## What is expected
From the line containing "Out of Darkness by Ashley Hope Pérez." to the line containing "vacuüm propeller behandeling" in the records below, set down every line exactly as it stands, both ends included, and skip the pictures.

[Extracted entries — start]

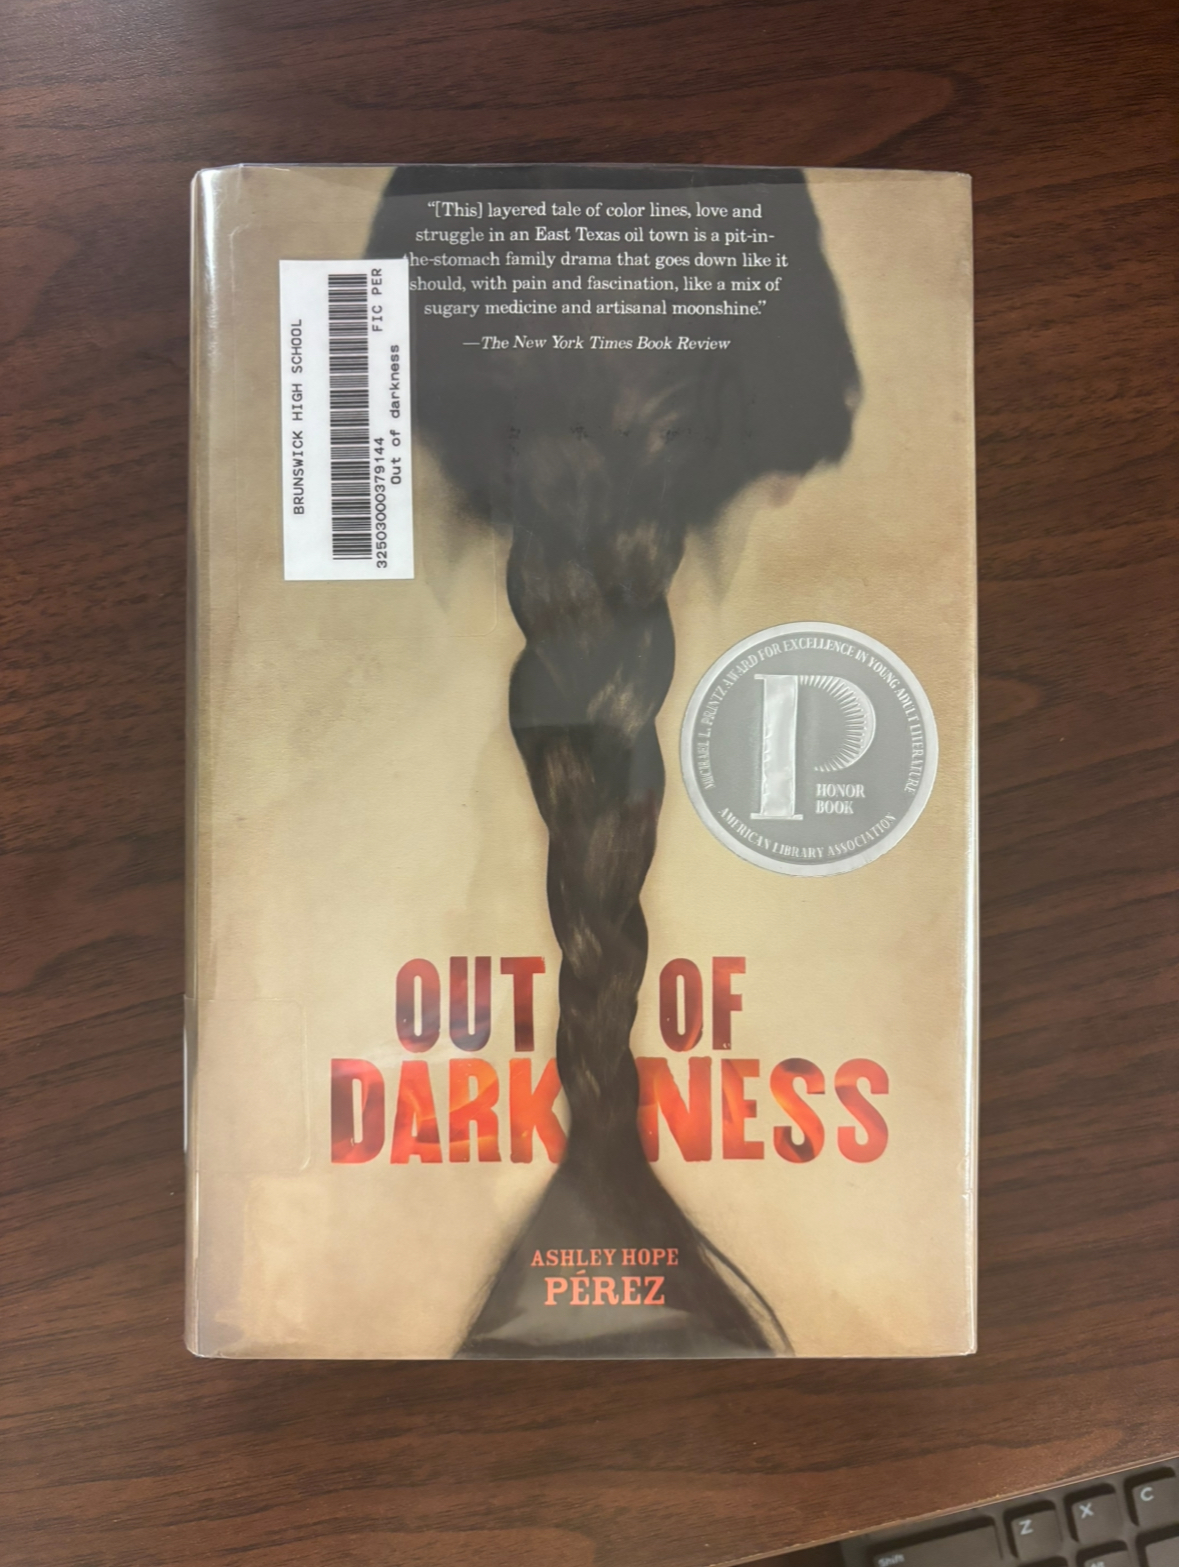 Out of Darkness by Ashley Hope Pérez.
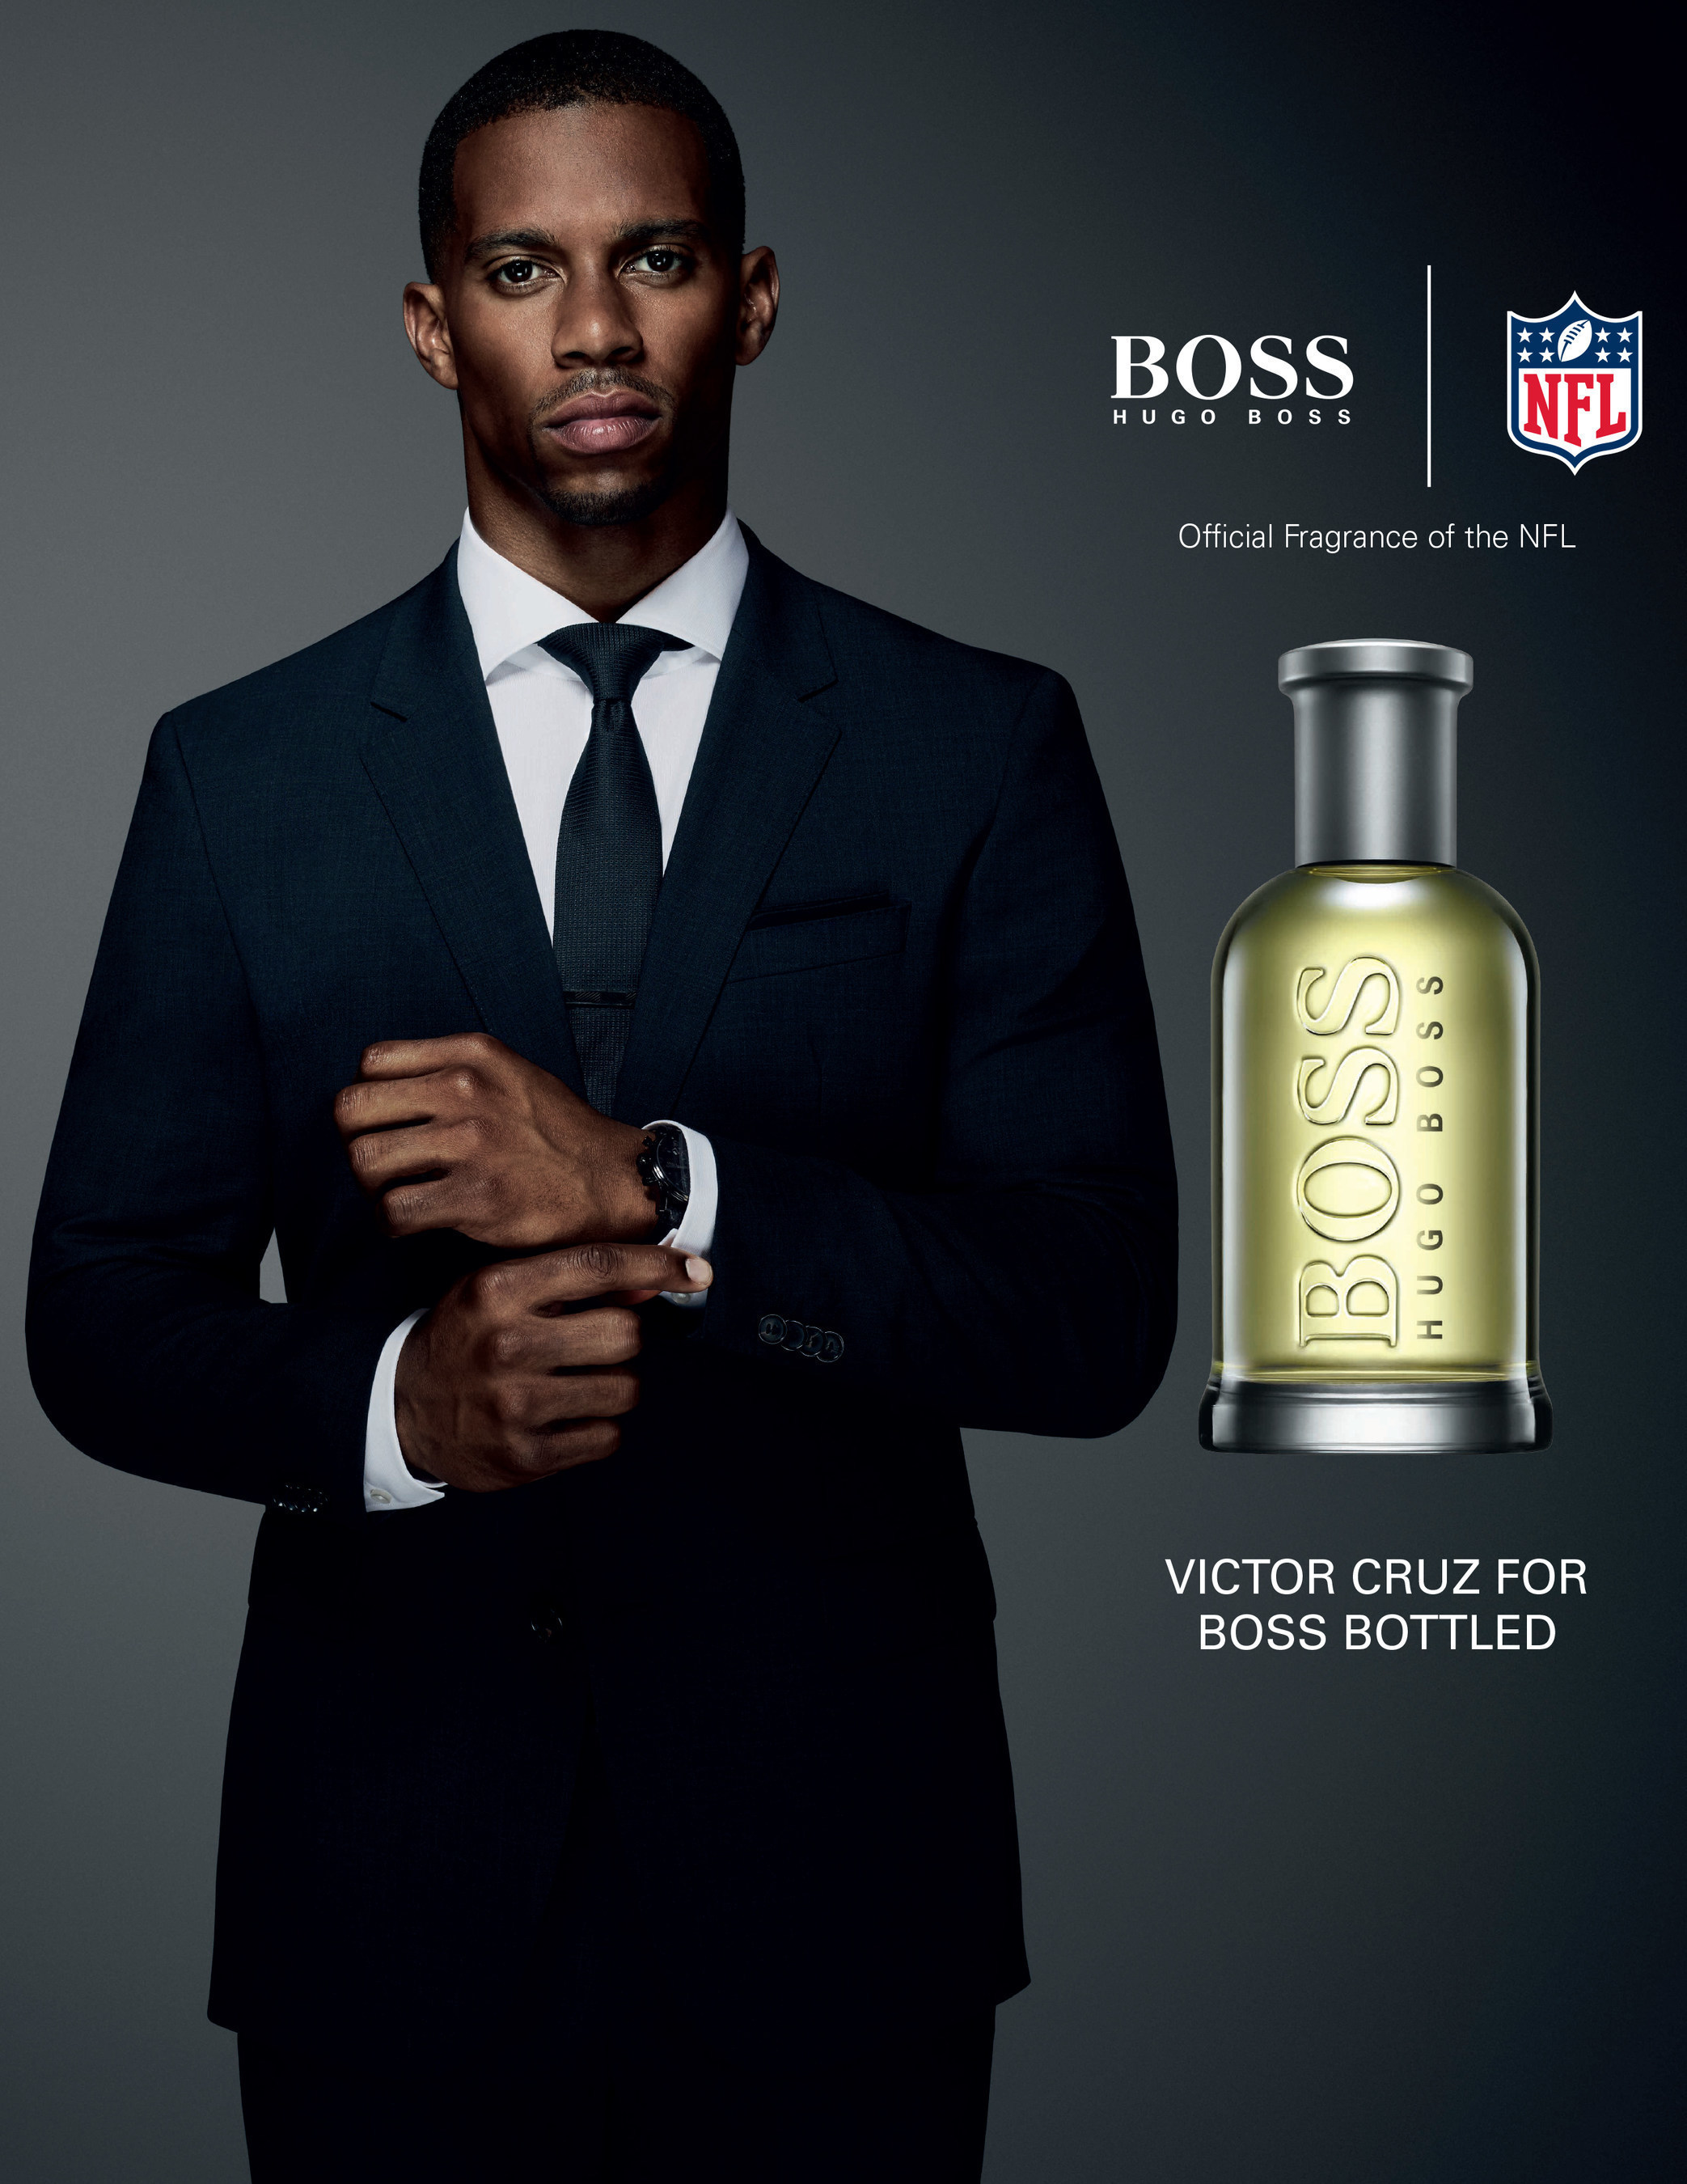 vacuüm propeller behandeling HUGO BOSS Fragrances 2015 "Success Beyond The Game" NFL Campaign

[Extracted entries — finish]
[Extracted entries — start]

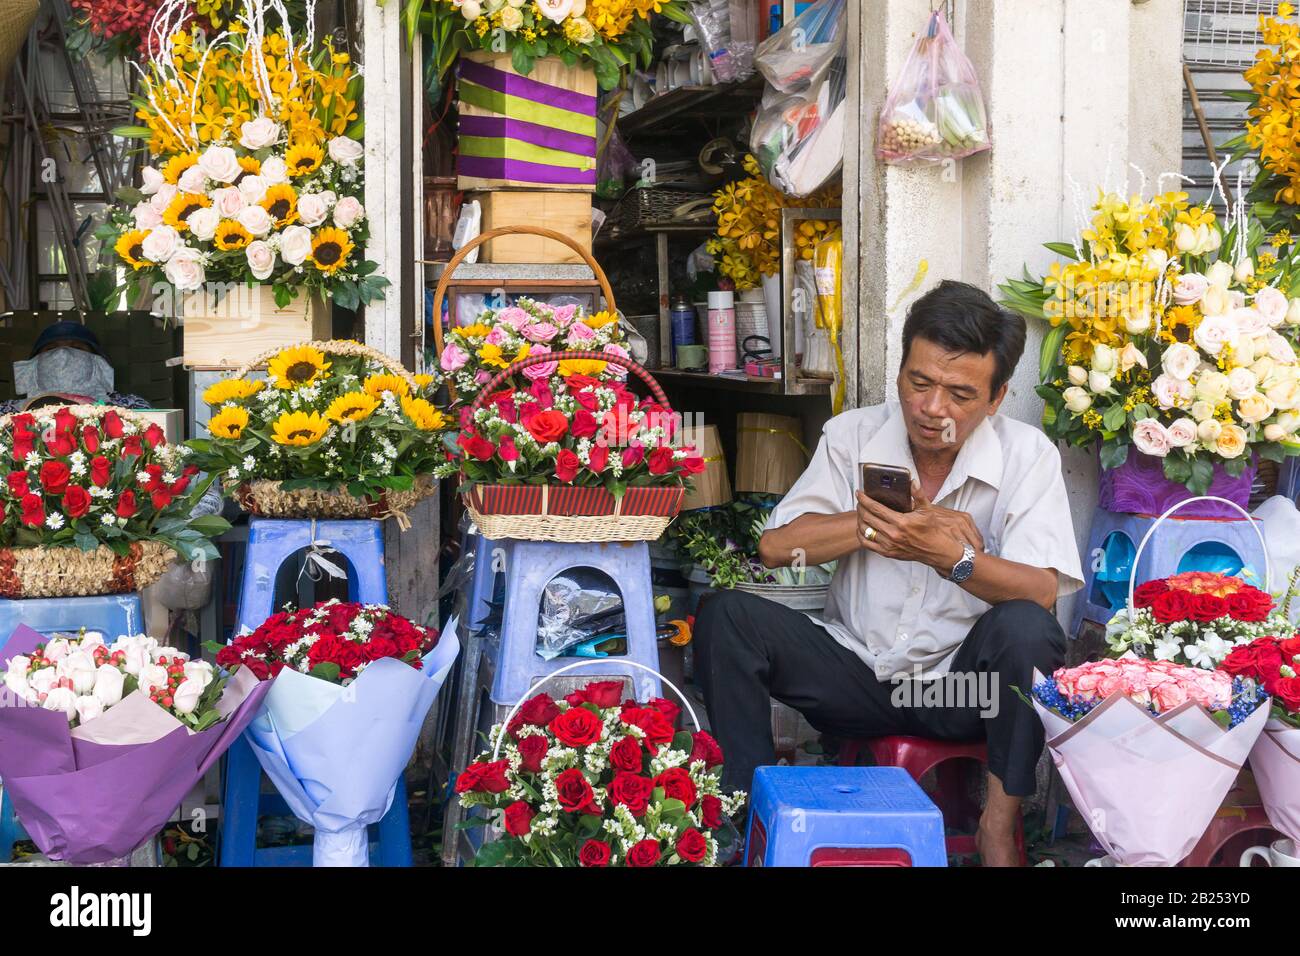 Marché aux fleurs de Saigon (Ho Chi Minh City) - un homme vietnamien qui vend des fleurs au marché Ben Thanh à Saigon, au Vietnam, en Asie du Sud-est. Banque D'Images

[Extracted entries — finish]

## Output for this exercise
 Out of Darkness by Ashley Hope Pérez.
 vacuüm propeller behandeling HUGO BOSS Fragrances 2015 "Success Beyond The Game" NFL Campaign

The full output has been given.